→ Data block:
»»

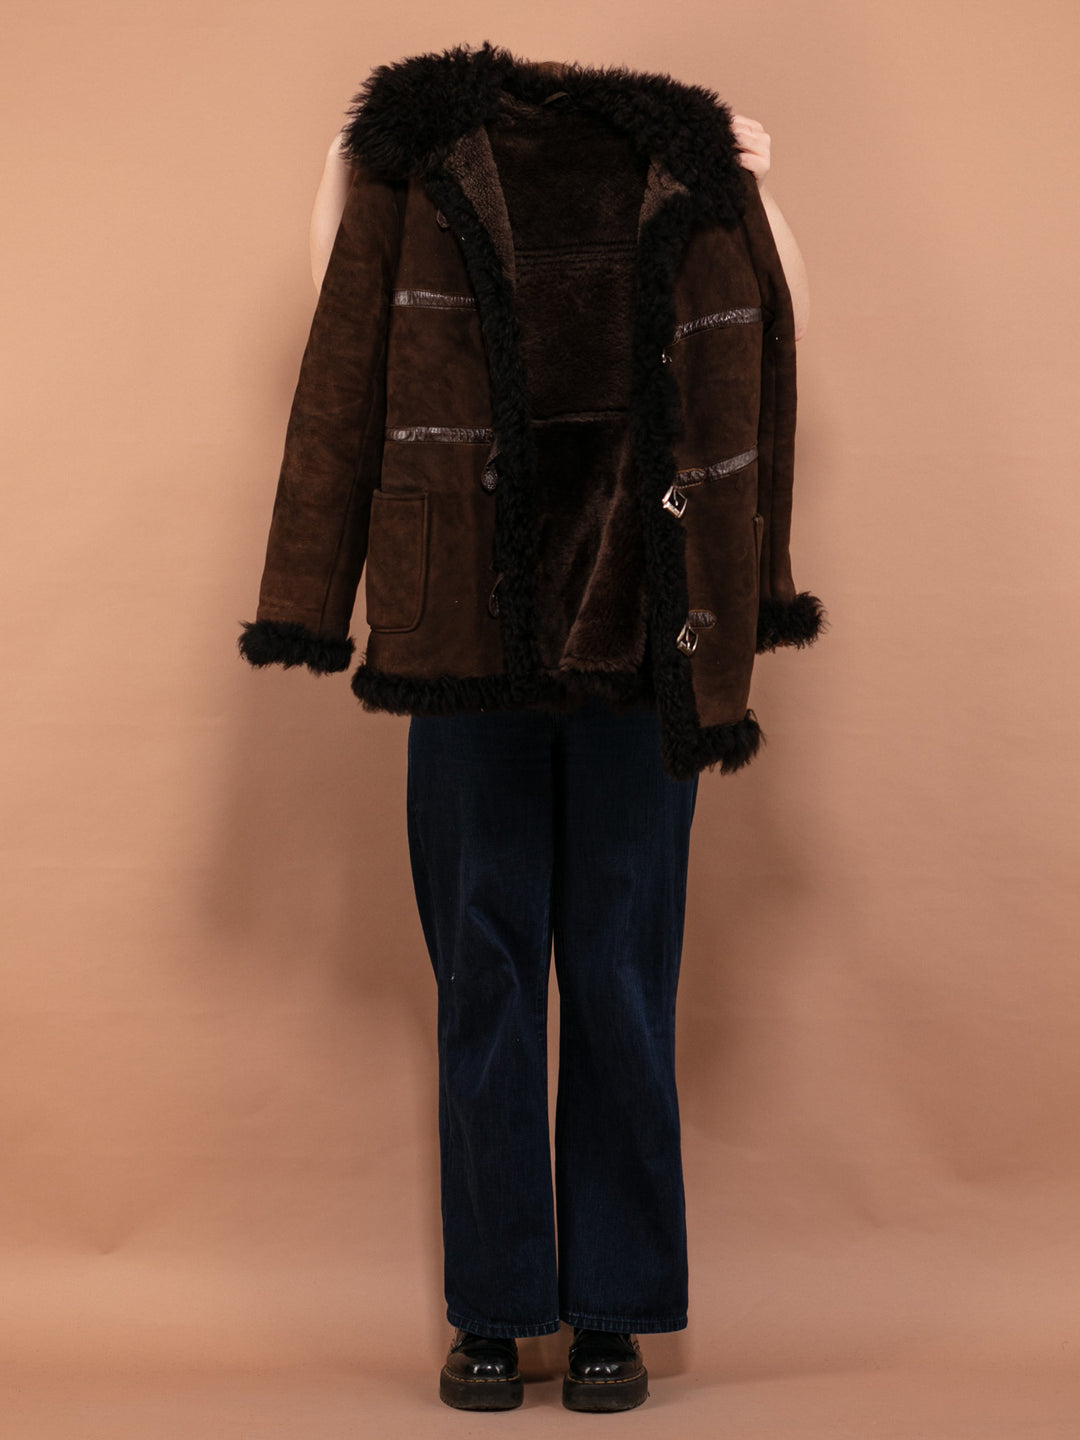 Penny Lane Sheepskin Coat 70's, Size S Small, Vintage Brown Suede Afghan Coat, Buckle Closure Boho Hippie Style Coat, Retro Fur Trim Coat
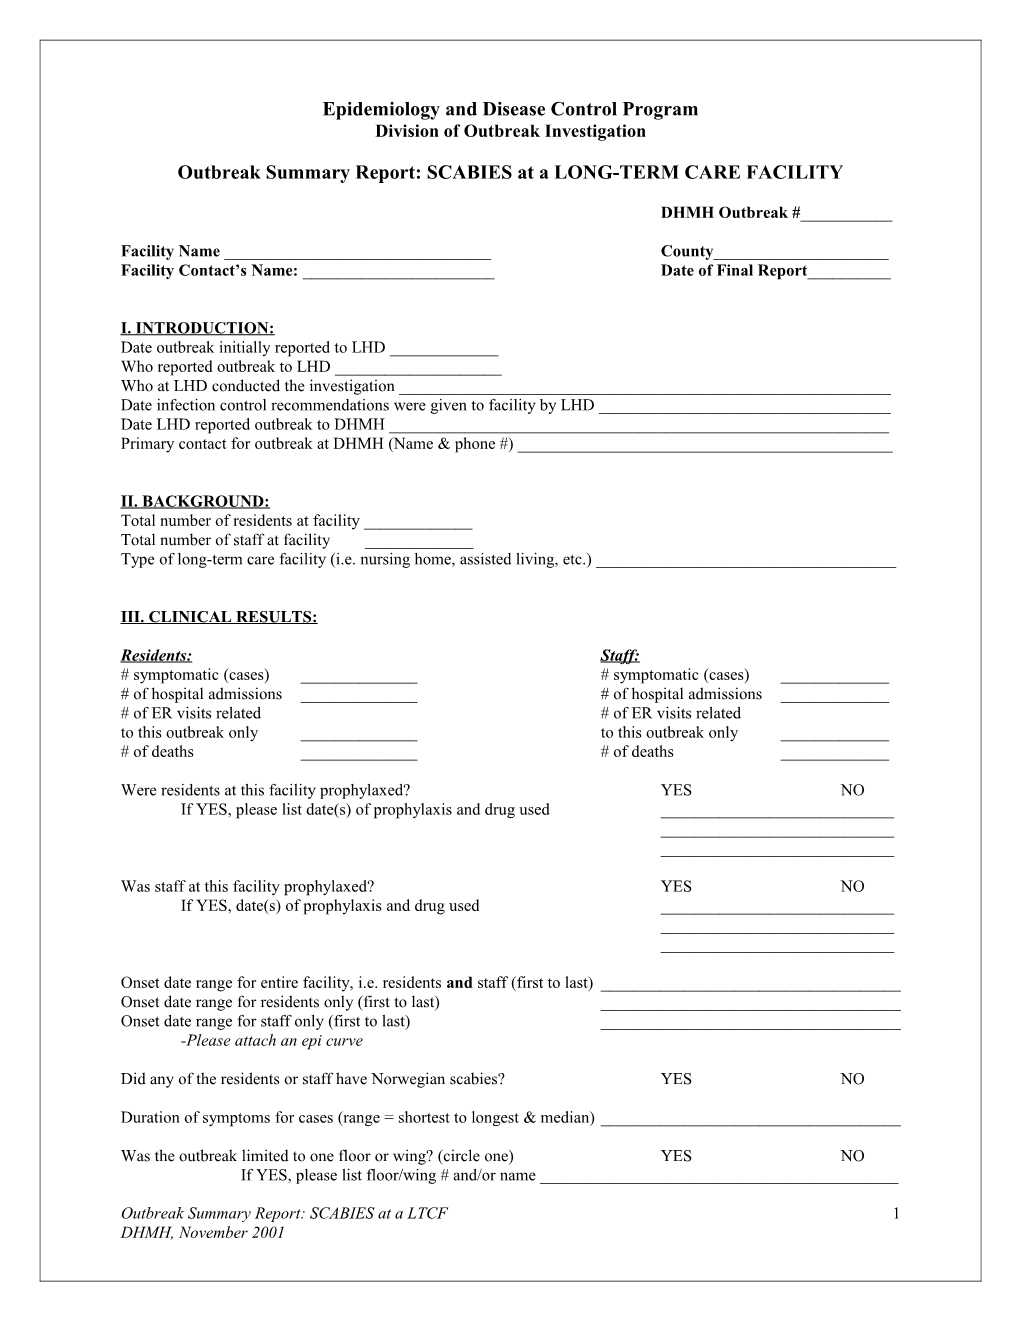 Checklist for Final Reports GASTROENTERITIS at a NURSING HOME
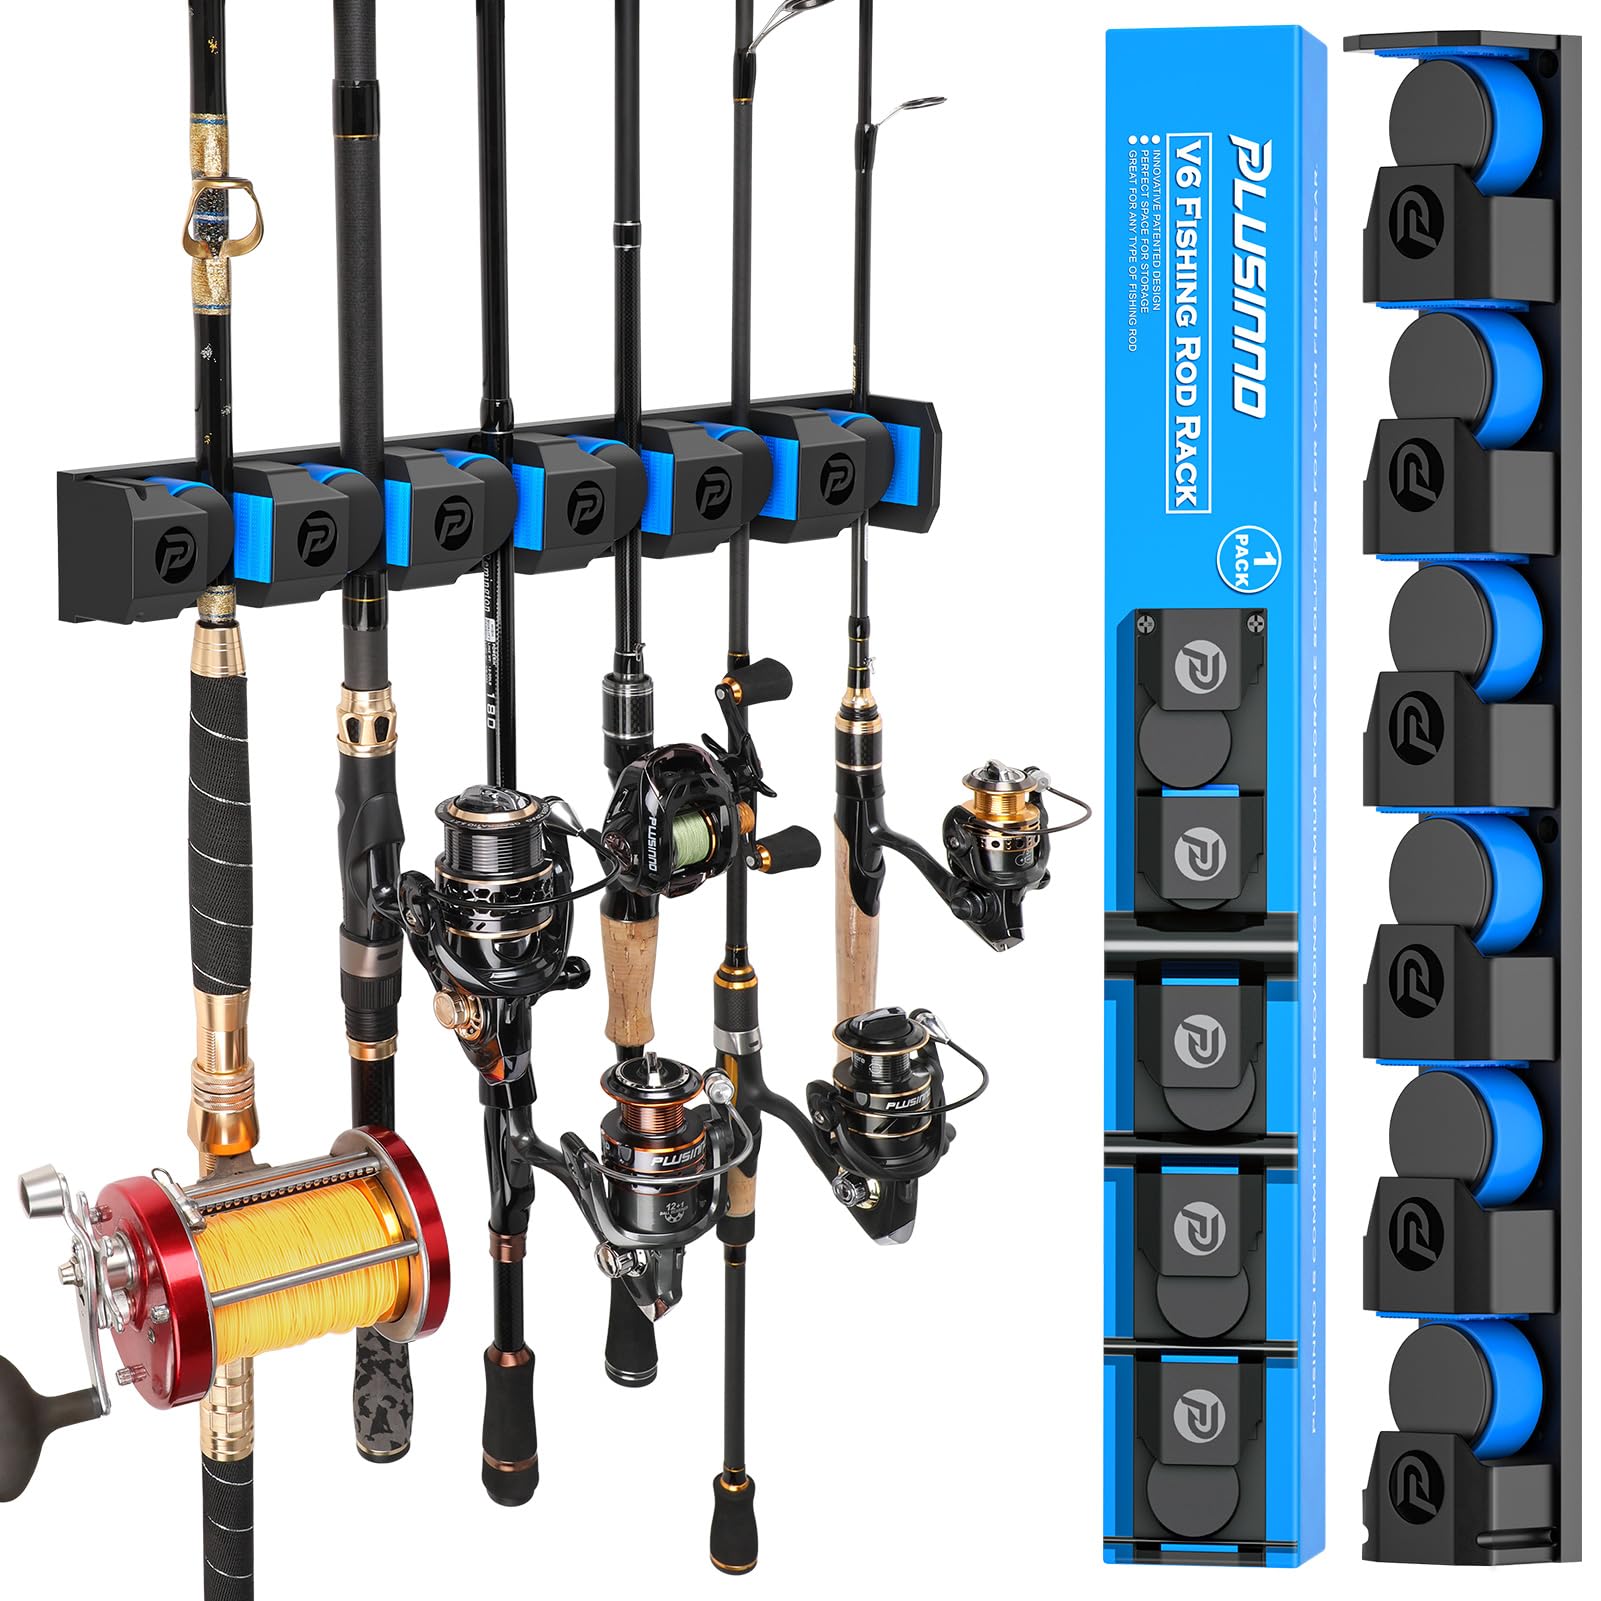 PLUSINNO V6 Fishing Rods Holder Vertical Wall Mount Fishing Rod

««

→ Exercise requirements:
Before writing out the material above, please remove its pictures; everything else stays exact.

→ Written answer:
 Penny Lane Sheepskin Coat 70's, Size S Small, Vintage Brown Suede Afghan Coat, Buckle Closure Boho Hippie Style Coat, Retro Fur Trim Coat
 Checklist for Final Reports GASTROENTERITIS at a NURSING HOME
 PLUSINNO V6 Fishing Rods Holder Vertical Wall Mount Fishing Rod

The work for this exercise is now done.